如何使用python-docx将复选框表单插入.docx文件? [英] How can I insert a checkbox form into a .docx file using python-docx?

查看:44
本文介绍了如何使用python-docx将复选框表单插入.docx文件?的处理方法,对大家解决问题具有一定的参考价值,需要的朋友们下面随着小编来一起学习吧!

问题描述

我一直在使用python来实现自定义解析器,并使用该解析数据来格式化要在内部分发的word文档.到目前为止,所有格式都非常简单明了,但是我完全对如何在单个表格单元格中插入复选框感到困惑.

I've been using python to implement a custom parser and use that parsed data to format a word document to be distributed internally. All of the formatting has been straightforward and easy so far but I'm completely stumped on how to insert a checkbox into individual table cells.

我尝试在python-docx中使用python对象函数(使用 get_or_add_tcPr()等),这会导致MS Word在尝试打开文件时引发以下错误,无法打开文件xxxx,因为内容有问题详细信息:文件已损坏,无法打开."

I've tried using the python object functions within python-docx (using get_or_add_tcPr(), etc.) which causes MS Word to throw the following error when I try to open the file, "The file xxxx cannot be opened because there are problems with the contents Details: The file is corrupt and cannot be opened".

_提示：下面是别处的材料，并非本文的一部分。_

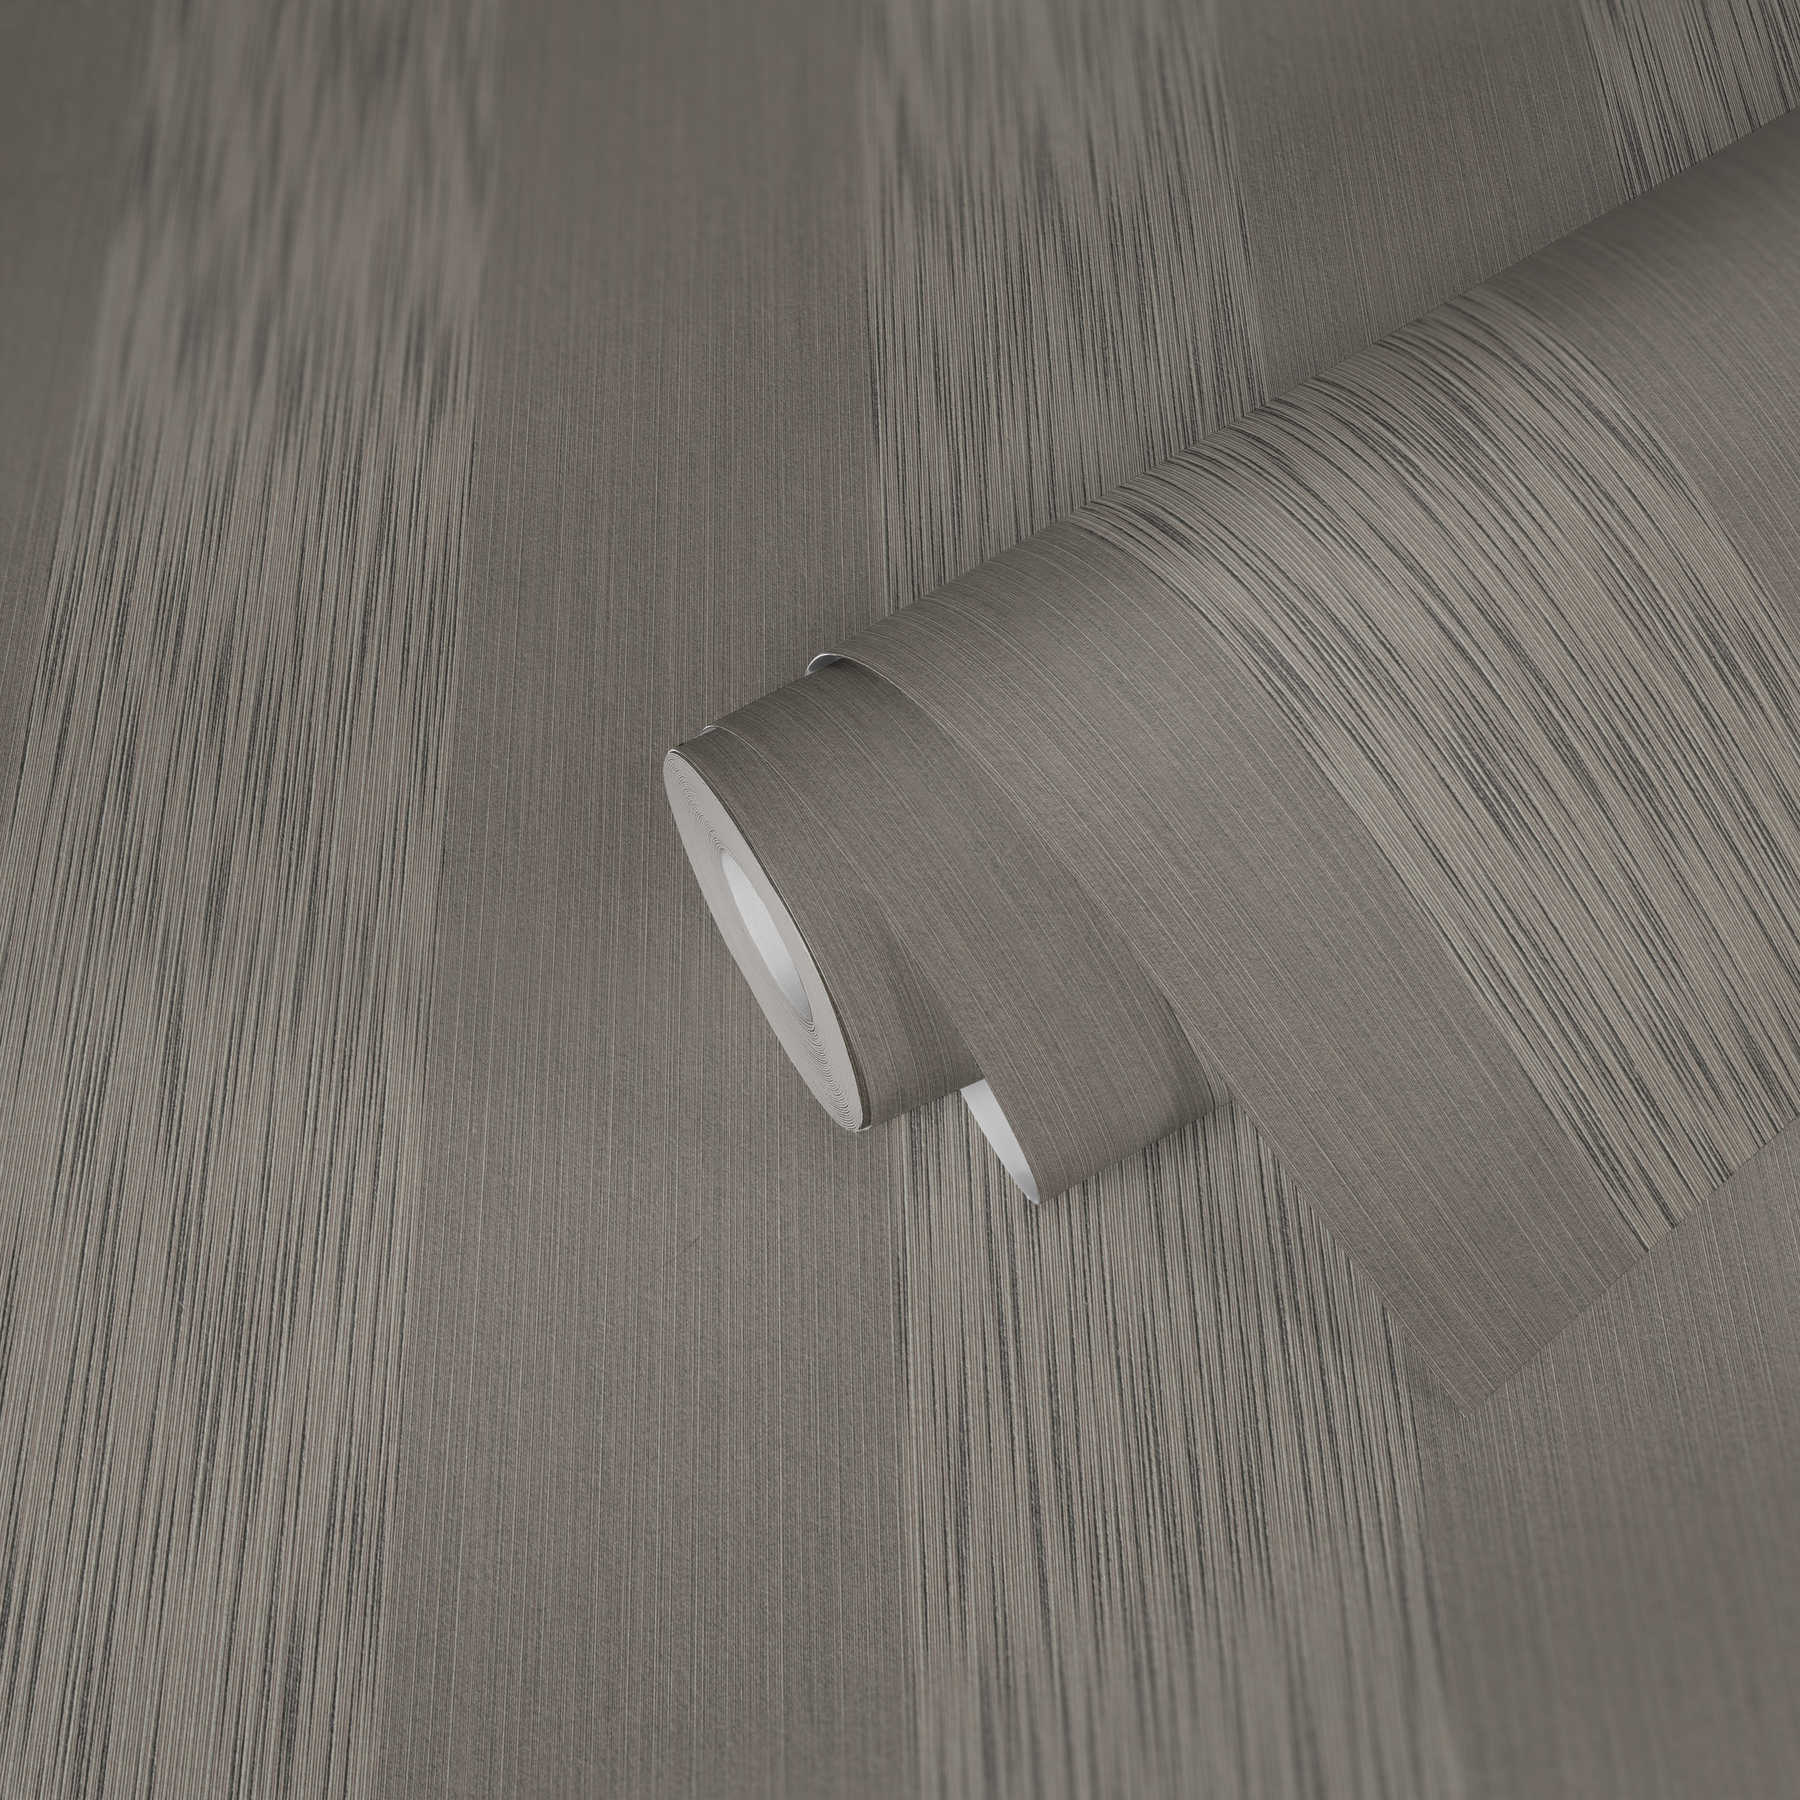             Melierte Streifen Tapete mit Struktureffekt – Grau

经过一段时间的努力,我转向了第二种方法,该方法涉及为输出文档操作word/document.xml文件.我已经检索到我认为是保存为 replacementXML 的复选框的正确xml,并将填充文本插入到单元格中,以用作可以被搜索和替换的标签, searchXML .以下内容似乎在Linux(Fedora 25)环境中使用python运行,但是当我尝试打开文档时word文档显示相同的错误,但是这次文档是可恢复的,并恢复为填充文本.我已经能够将其与手工制作的文档一起使用,并使用一个空的表格单元格,因此,我相信这应该是可能的.注意:我在 searchXML 变量中包含了表格单元的整个xml元素,但是我尝试使用正则表达式并缩短字符串.我不仅仅使用精确匹配,因为我知道这可能会因单元而异.

After struggling with this for a while I moved to a second approach involving manipulating the word/document.xml file for the output doc. I've retrieved what I believe to be the correct xml for a checkbox saved as replacementXML and have inserted filler text into the cells to act as a tag that can be searched and replaced, searchXML. The following seems to run using python in a linux (Fedora 25) environment but the word document displays the same errors when I try to open the document, however this time the document is recoverable and reverts back to the filler text. I've been able to get this to work with a manually made document and using an empty table cell, so I believe that this should be possible. NOTE: I've included the whole xml element for the table cell in the searchXML variable, but I've tried using regular expressions and shortening the string. Not just using an exact match as I know this could differ cell to cell.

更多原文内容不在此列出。